A Real Lifesaver: Choosing the Right Life Jacket for You
According to the Ohio Division of State Parks and Watercraft, of the twelve boating-related fatalities which occurred in the state throughout 2016, eleven victims were found to not be wearing a personal floatation device. While floatation devices can be a nuisance with bulky padding and constricting straps, the fact remains, they can save you from drowning. Life jackets have long been the most viable, safe, and cost-effective floatation device available, and for personal watercraft riders, water-skiers, and children under the age of 10 on small vessels, Ohio law requires that life jackets be worn at all times. But do not despair — modern technology has offered up a breadth of alternatives to the traditional, cumbersome jacket model. Below are the important specs for all the major types, as well a few tips for putting your prospective purchase to the test:
Pick your Type:
Type I: Offshore Life Jacket
Pros: Extremely durable and highly buoyant, Type I jackets are intended for rough or otherwise intractable waters where rescue may be delayed. Also, they are designed to help unconscious wearers to float on their backs.
Cons: Cumbersome, not comfortable to wear for long periods of time
Type II: Near Shore Buoyant Vest
Pros: Sufficient buoyancy to support most boaters’ needs, especially in commonly-trafficked, relatively tame conditions where rescue will be expedient. Many Type II jackets also help unconscious wearers to back float.
Cons: While less cumbersome that Type I, Type II jackets are not meant to endure rough conditions or prolonged floating. Also, some models do not support unconscious wearers.
Type III - Flotation Aid
Pros: Lightweight, flexible and breathable
Cons: Most do not help unconscious floaters; not intended for inclement conditions.
Pick Your Style:
Pros: Require little to no maintenance, always performance-ready, approved for wearers of all ages
Cons: Less comfortable, occupy more space than alternatives
Pros: Depending on the model, Inflatable jackets are either meant to be filled manually or to inflate automatically upon contact with water. This feature makes them extremely compact and space-efficient.

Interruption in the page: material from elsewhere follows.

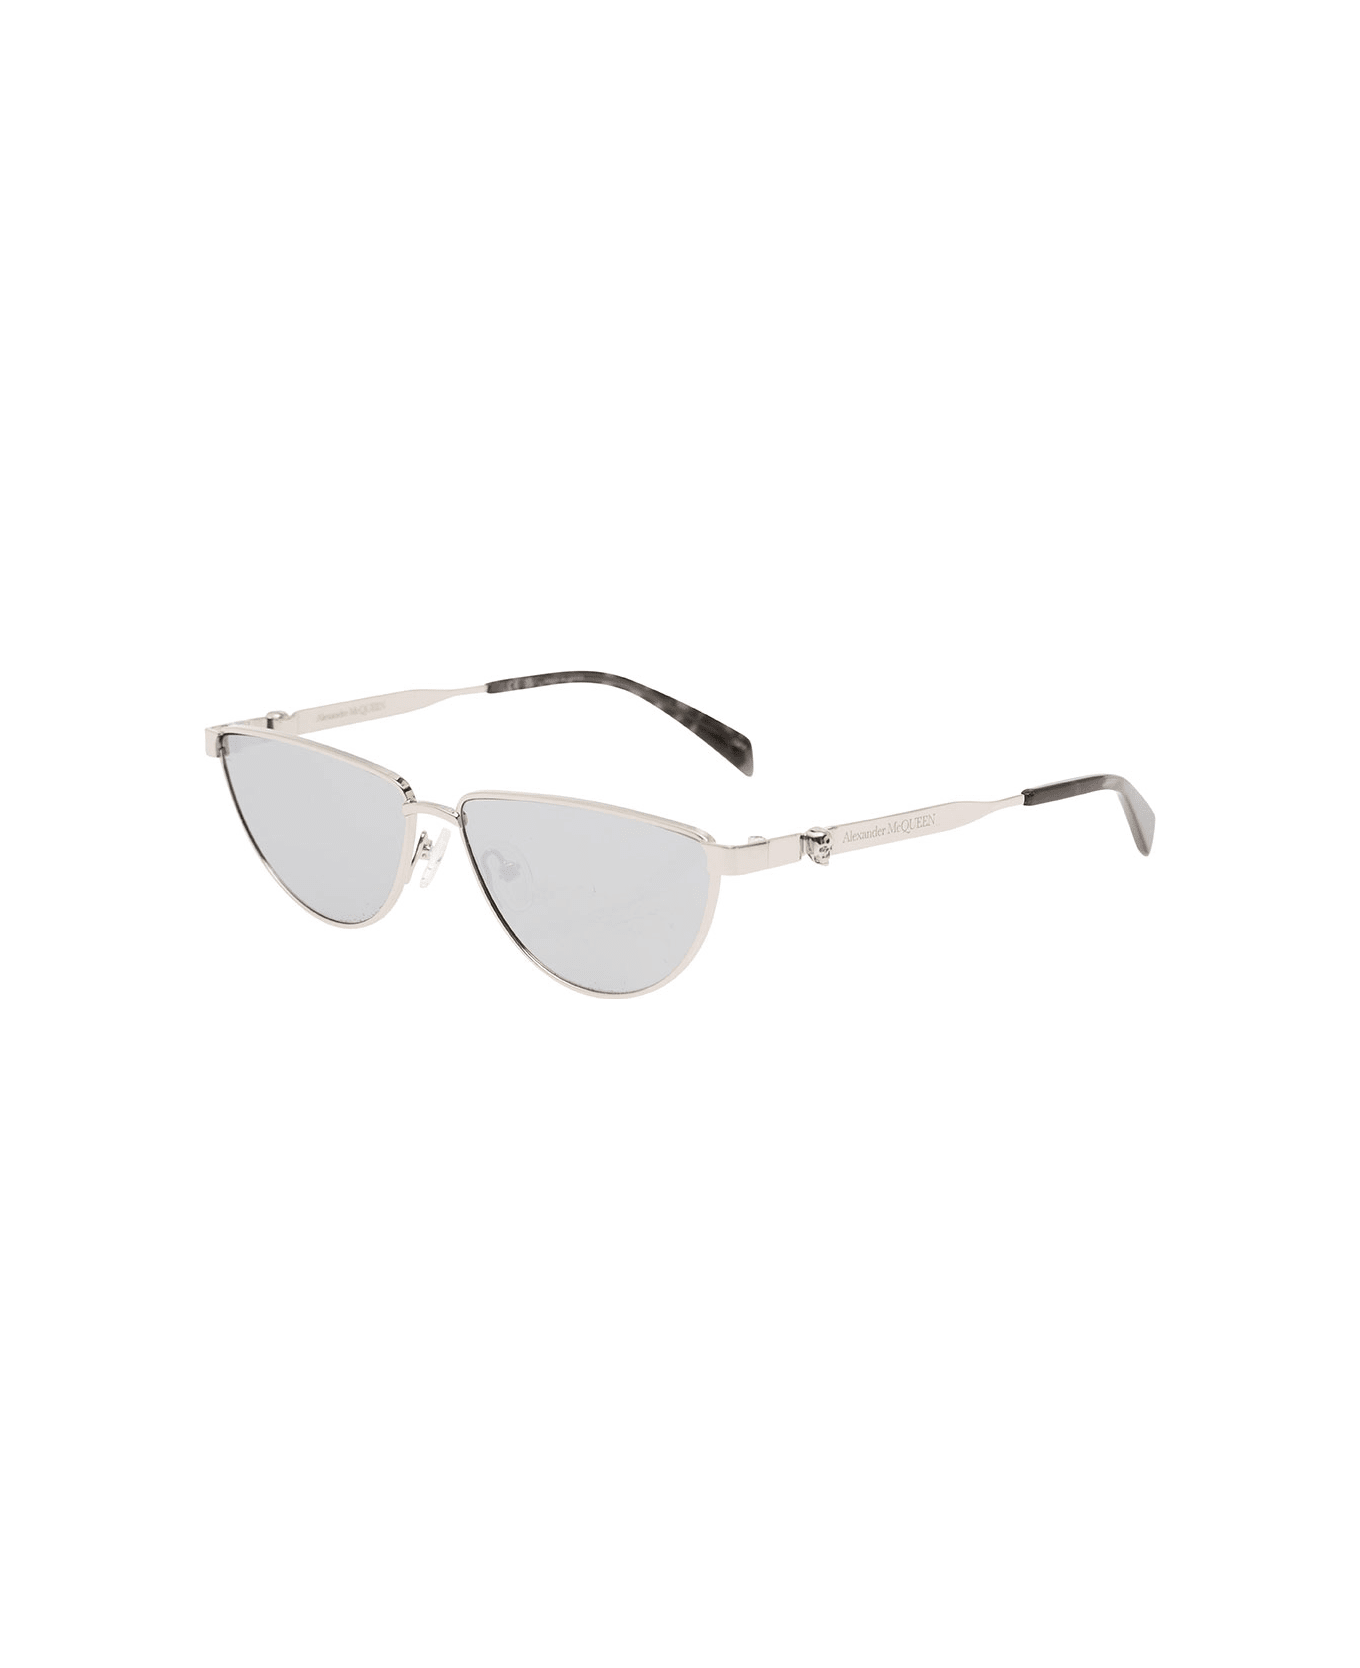 Alexander McQueen Sunglasses With Metal Frame - Metallic

Cons: Some, particularly self-inflated models, require assembly on the part of the wearer and are thereby more prone to malfunction. For this reason, they are forbidden from use on children and are not recommended for unskilled swimmers.
Pros: This alternative is meant to combine the safety and reliability of inherently buoyant models with the comfort and discretion of the inflatables. Their enhanced sleekness makes them an easy adjustment for reluctant jacket-wearers.
Cons: While they are available in child sizes, frequent maintenance checks are necessary to ensure their effectiveness.
Guarantee Your Fit
Even if a jacket is Coast Guard approved, failure to fit the device properly to one’s body can be just as dangerous as not wearing one at all, particularly in the case of small children wearing oversized jackets. There is an easy test to help determine whether a device is right for you: After inspecting the label to ensure the jacket is appropriate for your weight, properly secure all buckles so the garment fits snugly. Have another person pull lightly at the top of the arm openings as you hold your arms over your head. If the jacket bunches up over your face, obstructing your vision or breathing in any way, find a smaller size.